Von den 518 in eine sechsmonatige Alfuzosin-Studie9 aufgenommenen Männern mit benigner Prostatahyperplasie scheidet knapp ein Drittel
unter anderem wegen Wirkungslosigkeit oder Störeffekten vorzeitig aus. Objektive Meßgrößen wie Harnflußrate (n = 234) und
Restharnvolumen (n = 189) werden bei weniger als der Hälfte der Teilnehmer bestimmt. Der Anstieg der mittleren Harnflußrate unter Alfuzosin um 0,9
ml/sec gegenüber 0,6 ml/sec unter Plazebo ist zwar statistisch signifikant, entbehrt aber der klinischen Relevanz. Bei der maximalen Flußrate besteht in
beiden Gruppen praktisch kein Unterschied. Das mittlere Restharnvolumen sinkt von 80 ml auf 49 ml unter Alfuzosin, unter Plazebo von 88 ml auf 79,5 ml.

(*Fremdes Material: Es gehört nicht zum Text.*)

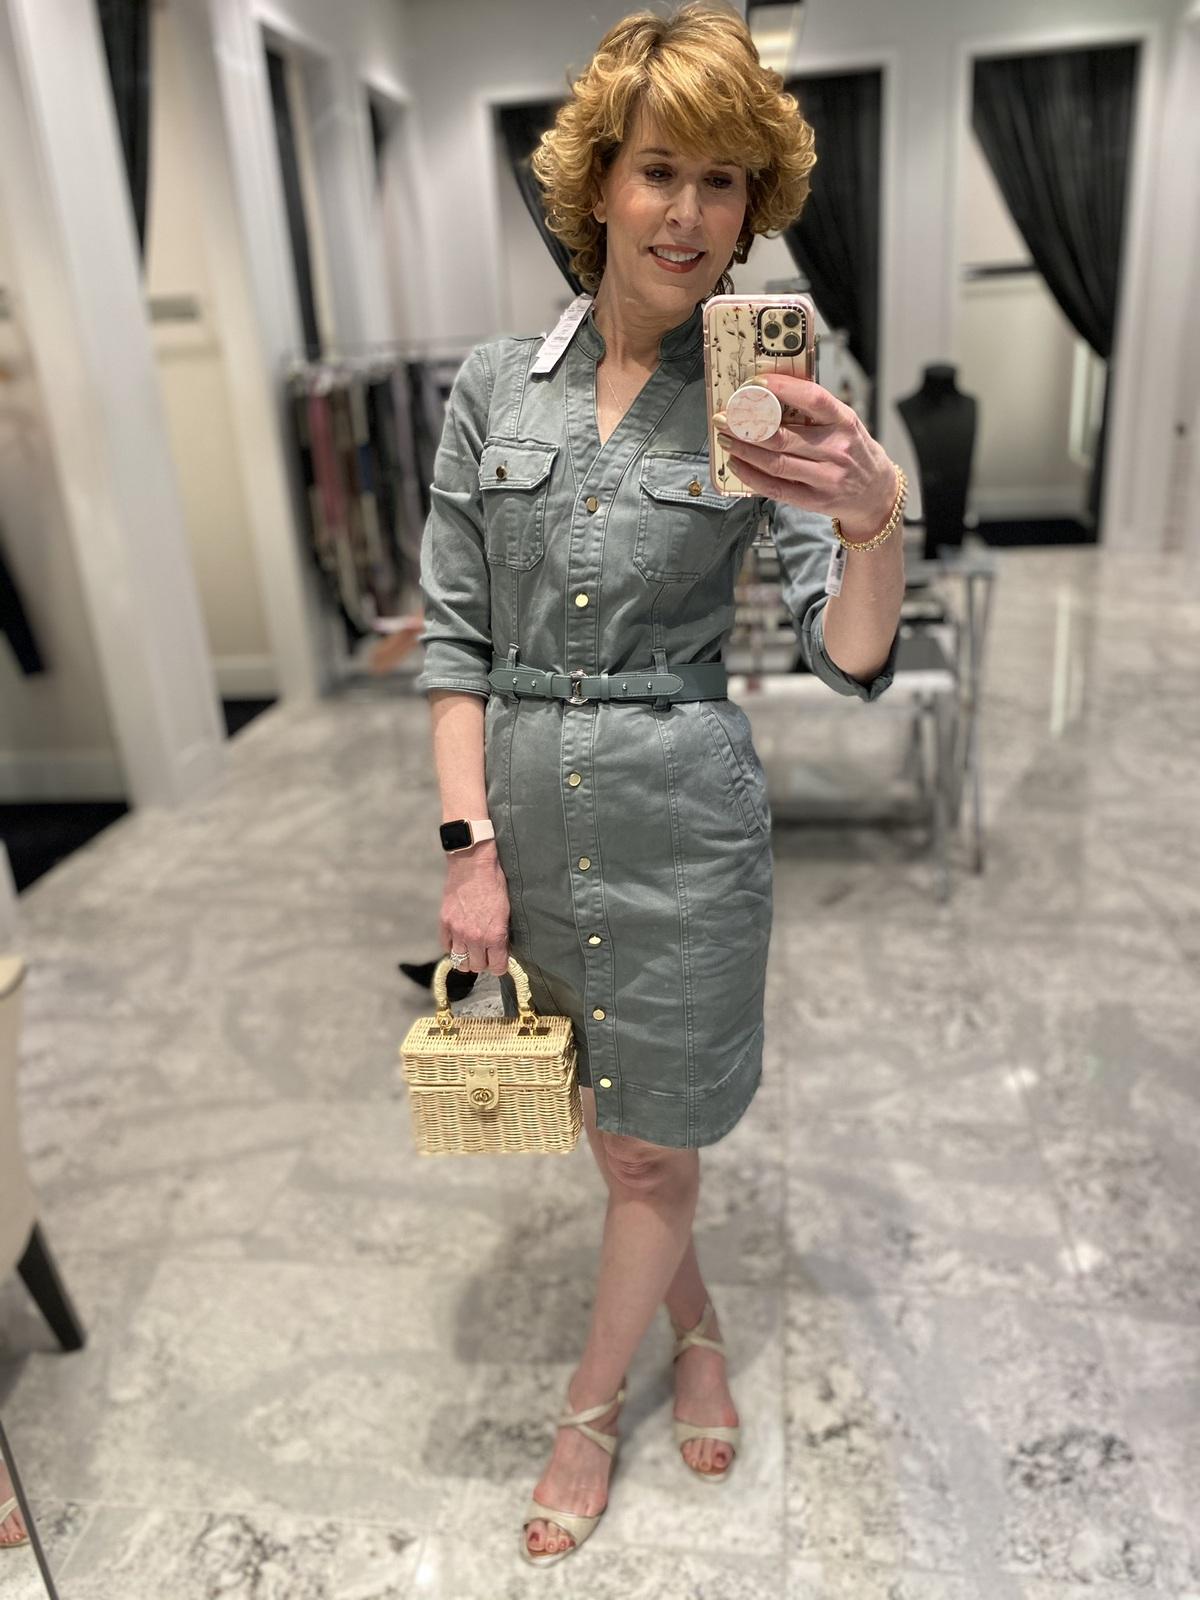 Mirror selfie of woman over 50 wearing green shirtdress green laser cut booties carrying wicker handbag doing spring wardrobe update

STÖRWIRKUNGEN betreffen 20% bis 35% der Behandelten.10 Mit typischen Alphablockereffekten wie orthostatischem Blutdruckabfall bis
hin zur Synkope ("Syndrom der ersten Dosis", daher Ersteinnahme vor dem Schlafengehen, einschleichend dosieren), Schwindel und Kopfschmerzen ist
zu rechnen.6,7 Wegen des für das Prostataadenom charakteristischen häufigen nächtlichen Wasserlassens muß der Patient wissen,
daß das Medikament die Blutdruckregulation und damit die Standsicherheit beim Aufstehen beeinträchtigen kann.6
Ferner können Tachykardie, "Herzklopfen", Brustschmerz und Ödeme auftreten. Magen-Darm-Beschwerden mit Übelkeit, Erbrechen oder
Durchfall, verstopfte Nase, Hautreaktionen wie Ausschlag oder Juckreiz sowie Impotenz sind als Anwendungsfolgen beschrieben,9,11-14 wobei sich die
Störwirkungen von Terazosin wegen der längeren Anwendung als Hochdruckmittel besser überblikken lassen. Die Alpha-Blocker verstärken
die Wirkung von Hochdruckmitteln, so daß deren Dosis ggf. zu senken ist. Alfuzosin darf nicht gleichzeitig mit Kalziumantagonisten oder mit anderen Alpha-
Rezeptorenblockern angewendet werden. Patienten mit unbehandelter Koronarinsuffizienz sollen kein Alfuzosin einnehmen. Bei Wiederauftreten oder
Verschlimmerung einer Angina pectoris ist der Alpha-Blocker abzusetzen.12,13
DOSIERUNG: Für Terazosin werden täglich 5 bis 10 mg empfohlen. Beginnend mit 1 mg/Tag in der ersten Woche, 2 mg/Tag in der
zweiten und 5 mg/Tag in der dritten und vierten Woche wird einschleichend dosiert. Nach zwei- oder mehrtägiger Unterbrechung der Einnahme ist die Dosis
erneut schrittweise zu steigern.11
Über 65jährige sollen täglich zweimal 2,5 mg Alfuzosin einnehmen. Für jüngere Männer werden täglich
dreimal 2,5 mg empfohlen.12,13 Eine einschleichende Dosierung erscheint uns ratsam.
FAZIT: Die Belege für einen Einfluß der Alpha1-Rezeptorenblocker Terazosin (FLOTRIN) und Alfuzosin (URION, UROXATRAL) auf objektive
Meßgrößen bei gutartiger Prostatahyperplasie überzeugen wenig. Subjektive Bewertungen geben im Einzelfall ein günstigeres Bild. Die
teuren Mittel (s. Kasten auf der nächsten Seite) eignen sich zur zeitlich befristeten Beschwerdelinderung bei mäßigem Abflußhindernis (a-t 11 [1991], 100). Anwender müssen mit orthostatischen Fehlregulationen bis hin zur Synkope rechnen.
Medikamente können auf längere Frist einen notwendigen operativen Eingriff nicht ersetzen.